The median home price for new homes was $436,800, which was a decline from July, but remember this is not the same as appreciation. It simply means half the homes sold were above that price and half were below it, so the decline could reflect more signed contracts on lower-priced homes in August.
What’s the bottom line? Buyers flooded the new home market in August since the supply of existing homes on the market remains tight. Many homeowners do not want to sell their homes if moving would mean a much higher interest rate on a new loan.
There were 461,000 new homes for sale at the end of August, which equates to an 8.1 months’ supply. However, only 49,000 or 10.6% were actually completed, with the rest either not started or under construction. The amount of completed homes equates to less than one month’s supply, well below the six months’ supply that is considered representative of a balanced market.
Annual Home Price Appreciation Declining But Still Strong
The Case-Shiller Home Price Index, which is considered the “gold standard” for appreciation, showed home prices fell 0.3% in July but they were 15.8% higher when compared to July of last year. This annual reading is a decline from the 18.1% gain reported in June but still strong.
The Federal Housing Finance Agency (FHFA) also released their House Price Index. This report measures home price appreciation on single-family homes with conforming loan amounts, which means it most likely represents lower-priced homes. Home prices fell 0.6% from June to July but they rose 13.9% from July of last year. This is a decline from the 16.2% annual increase reported in June, but again still solid on an annual basis.
What’s the bottom line? While Case-Shiller’s national index did show a month over month decline, the majority of the decline was seen in a few large cities and it was not widespread. For example, San Francisco, Seattle, San Diego, Los Angeles and Denver all showed steep declines from June to July, but they were also some of the cities that saw large price gains when compared to July of last year.
GDP Negative for Two Consecutive Quarters
The final reading of second quarter GDP came in at -0.6%, which was in line with estimates and the same as the second reading. It’s now confirmed that we have had two consecutive quarters of negative GDP, with -1.6% in the first quarter and -0.6% in the second quarter.
What’s the bottom line? Since 1947 a recession has been called every time we have seen two consecutive quarters of negative GDP. The National Bureau of Economic Research (NBER) has not yet classified this as an official recession, as they want to see economic contraction that meets their three criteria of depth, duration and diffusion. However, given the lag time for releasing economic data, they often officially announce a recession looking backwards months after it began.
In addition, the Atlanta Fed has revised their estimates for third quarter GDP significantly lower, from 2.6% a month ago to just 0.3%. If third quarter GDP ends up negative as well, it would certainly be hard for the NBER to ignore three consecutive quarters of negative GDP as they’re making a determination about recession.
Labor Market Remains Tight
The number of people filing for unemployment benefits for the first time fell by 16,000 in the latest week, as 193,000 Initial Jobless Claims were reported.
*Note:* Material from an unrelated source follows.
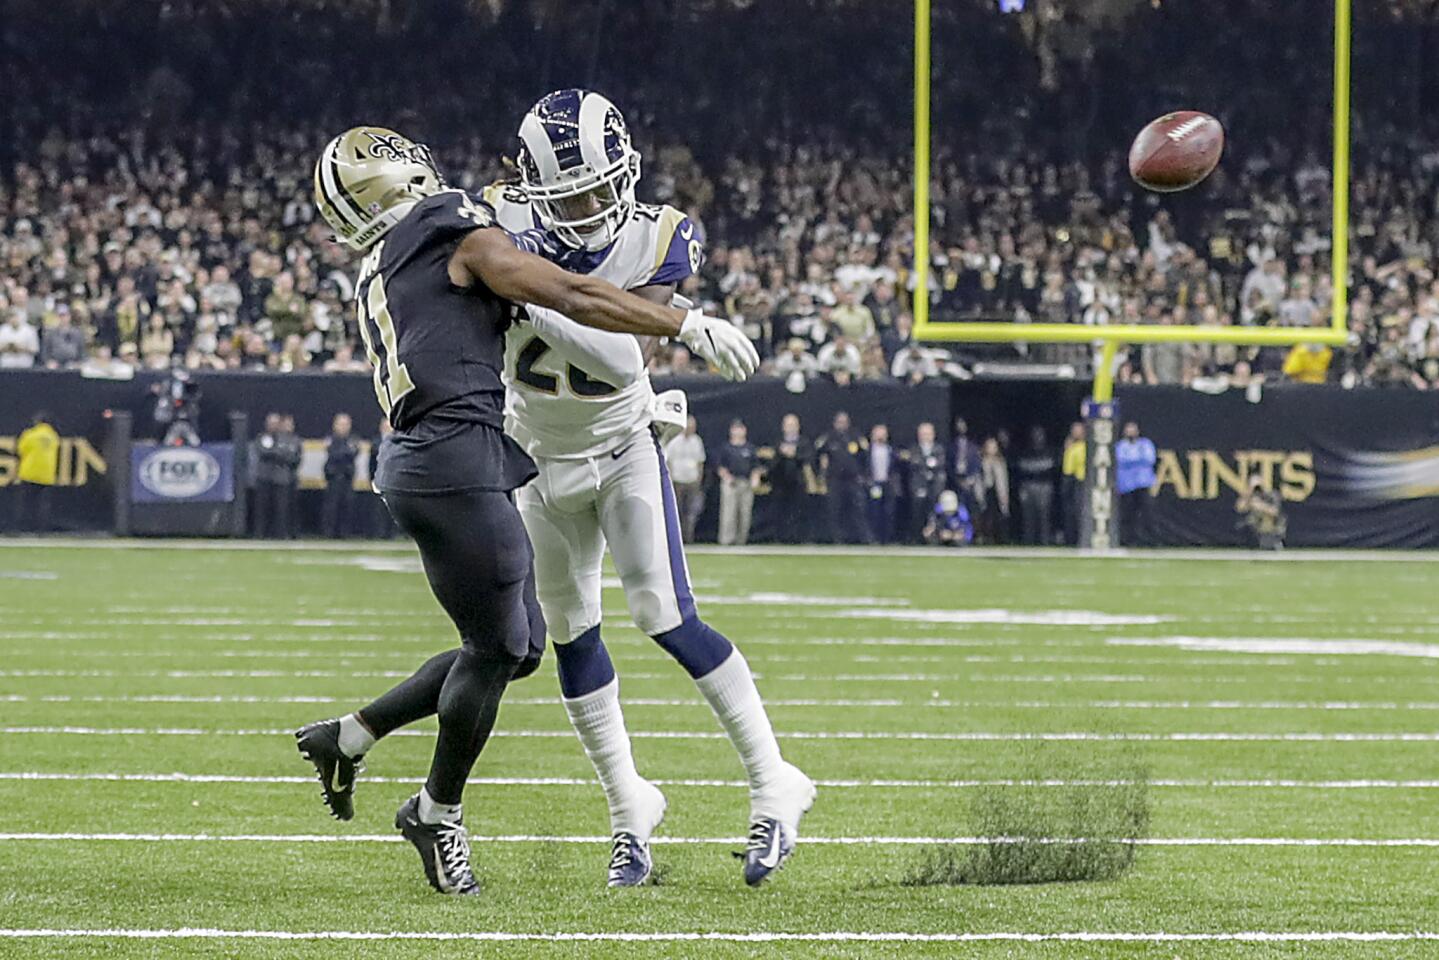 Rams cornerback Nickell Robey-Coleman seems to deliver an early hit to New Orleans Saints rexeiver Tommylee Lewis late in the fourth quarter, thwarting a potential game-winning drive in the NFC Championship at the Superdome.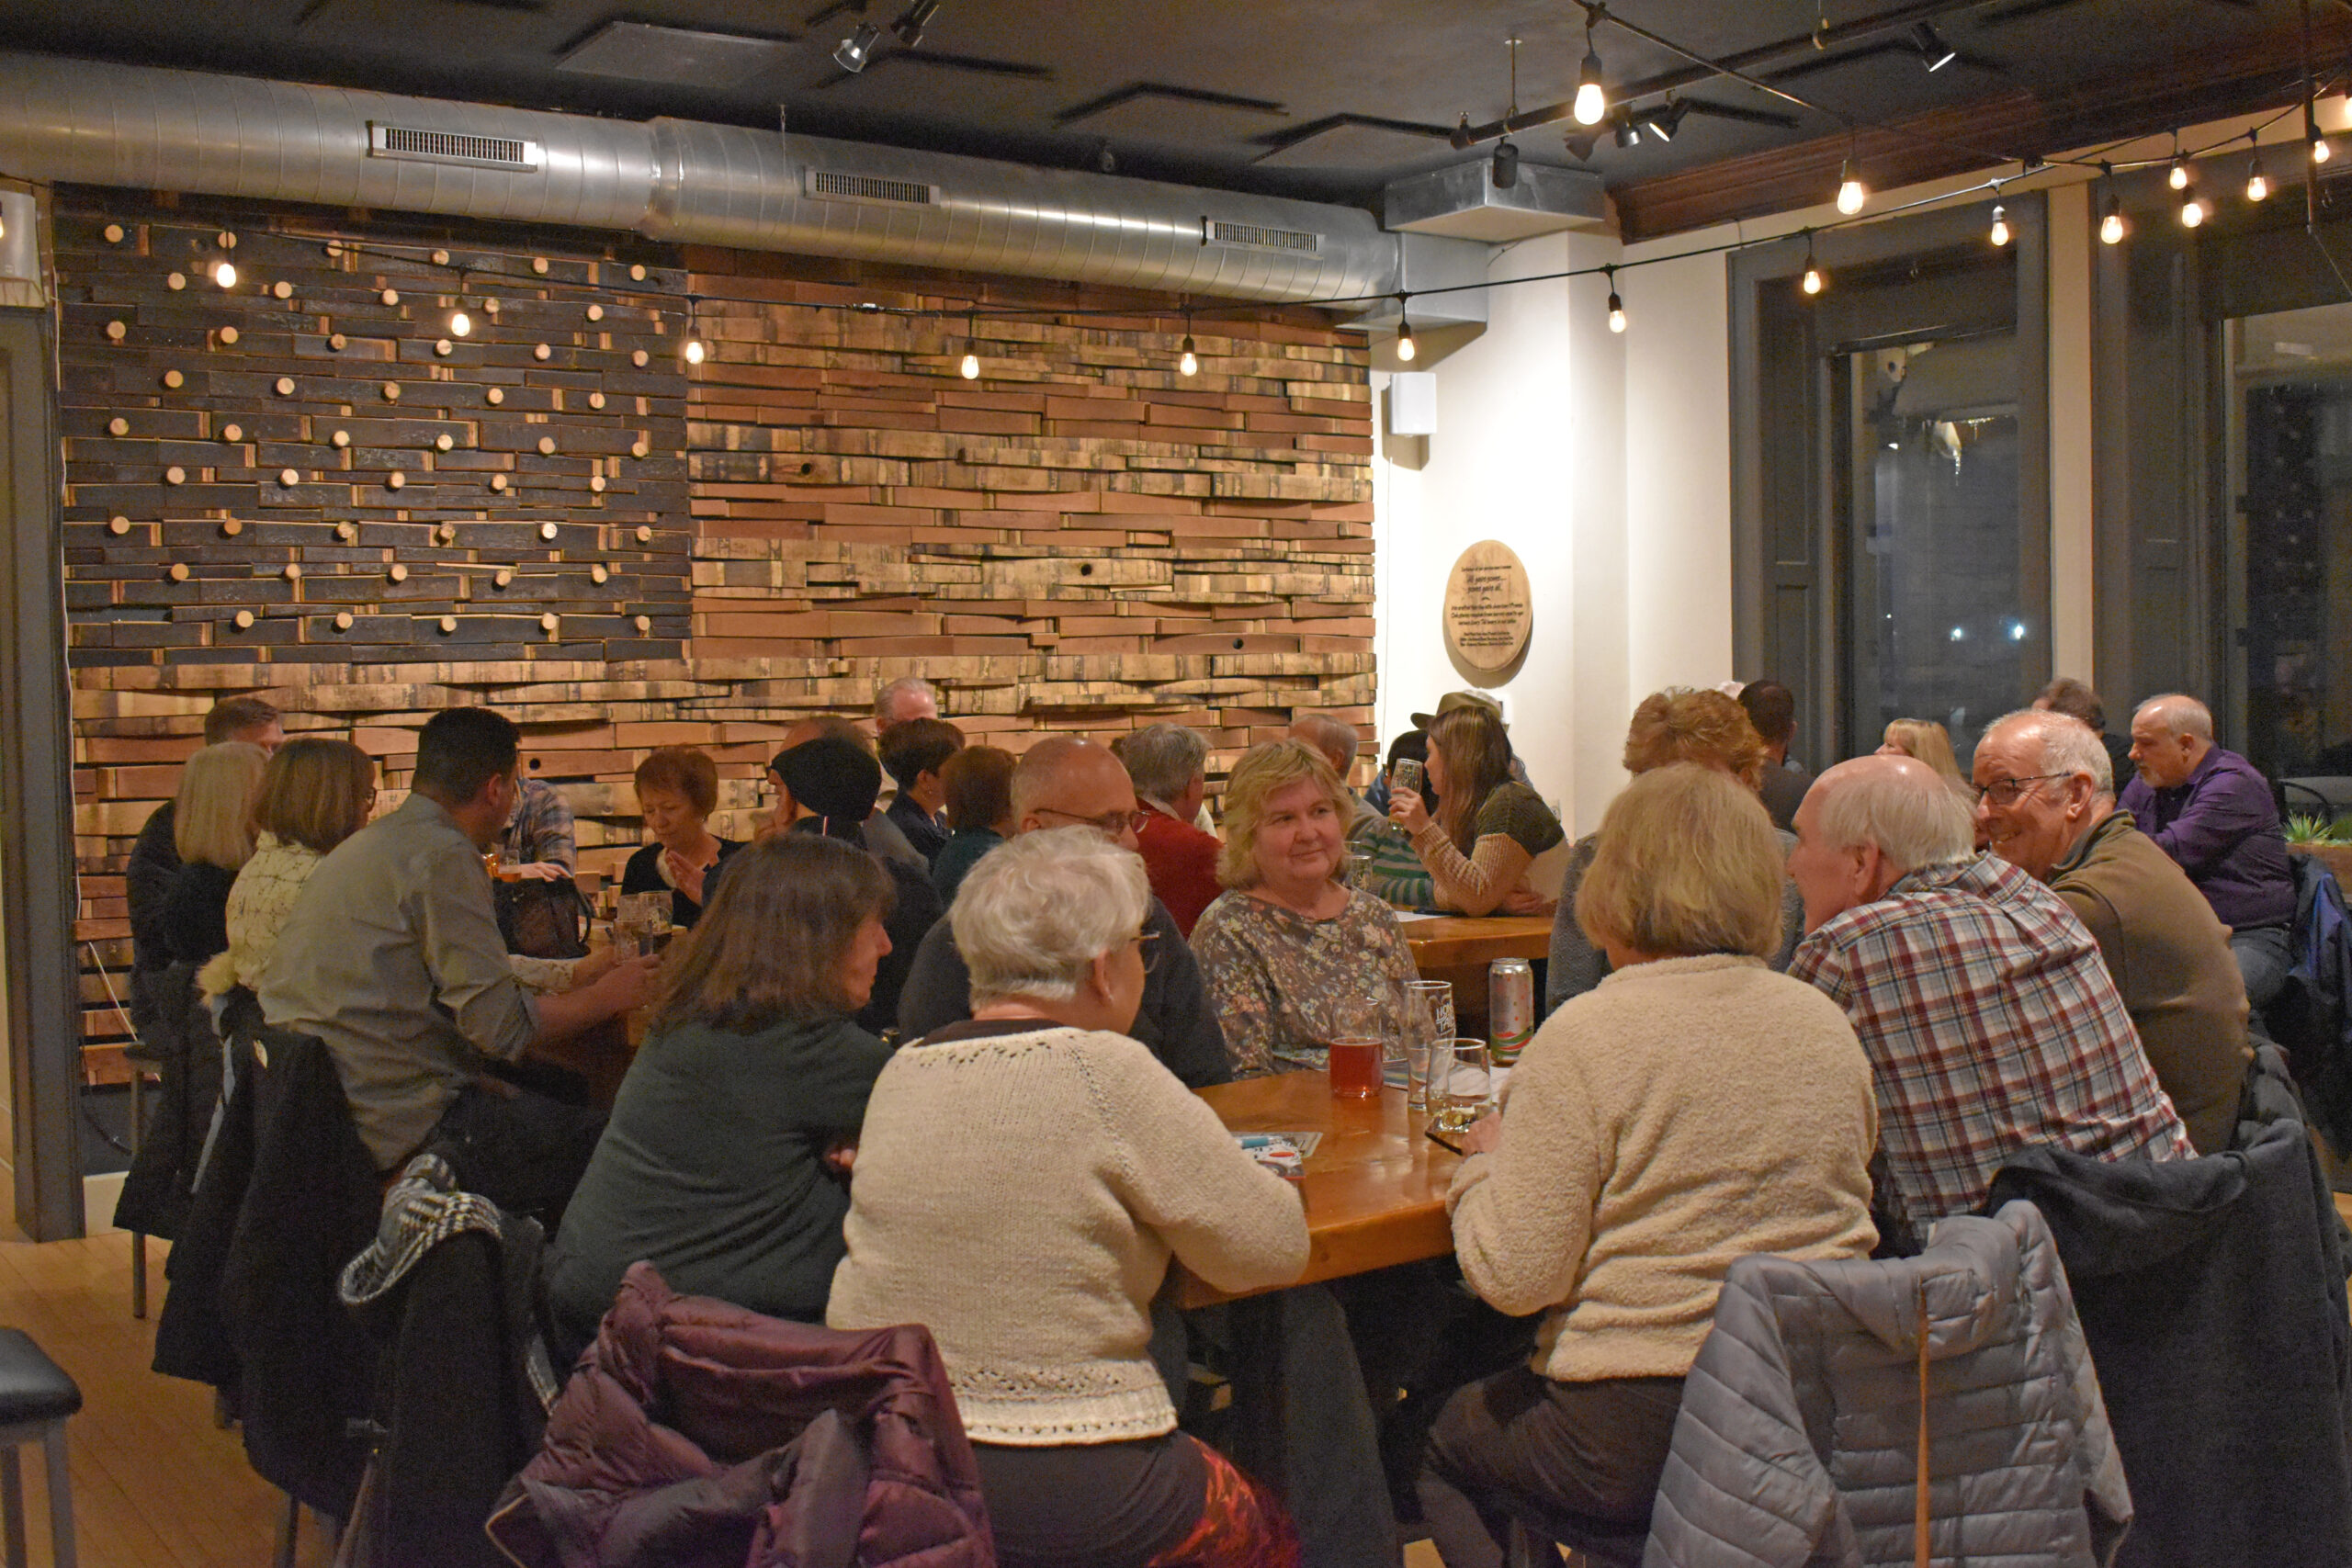 Each month, Fox Valley residents fill a room at Lion's Tail Brewing in Neenah for Short Story Nights, an event where folks discuss a different short story each month. (Joe Schulz/WPR)

This is the lowest level since May and the previous week’s filings were also revised lower by 4,000. Continuing Claims, which measure people who continue to receive benefits after their initial claim is filed, also decreased by 29,000 to 1.347 million.
What’s the bottom line? These are extraordinarily low numbers in the face of productivity and GDP being down along with elevated inflation and the unemployment rate moving higher. This could be a sign that employers are reluctant to let go of workers for fear of not being able to replace them.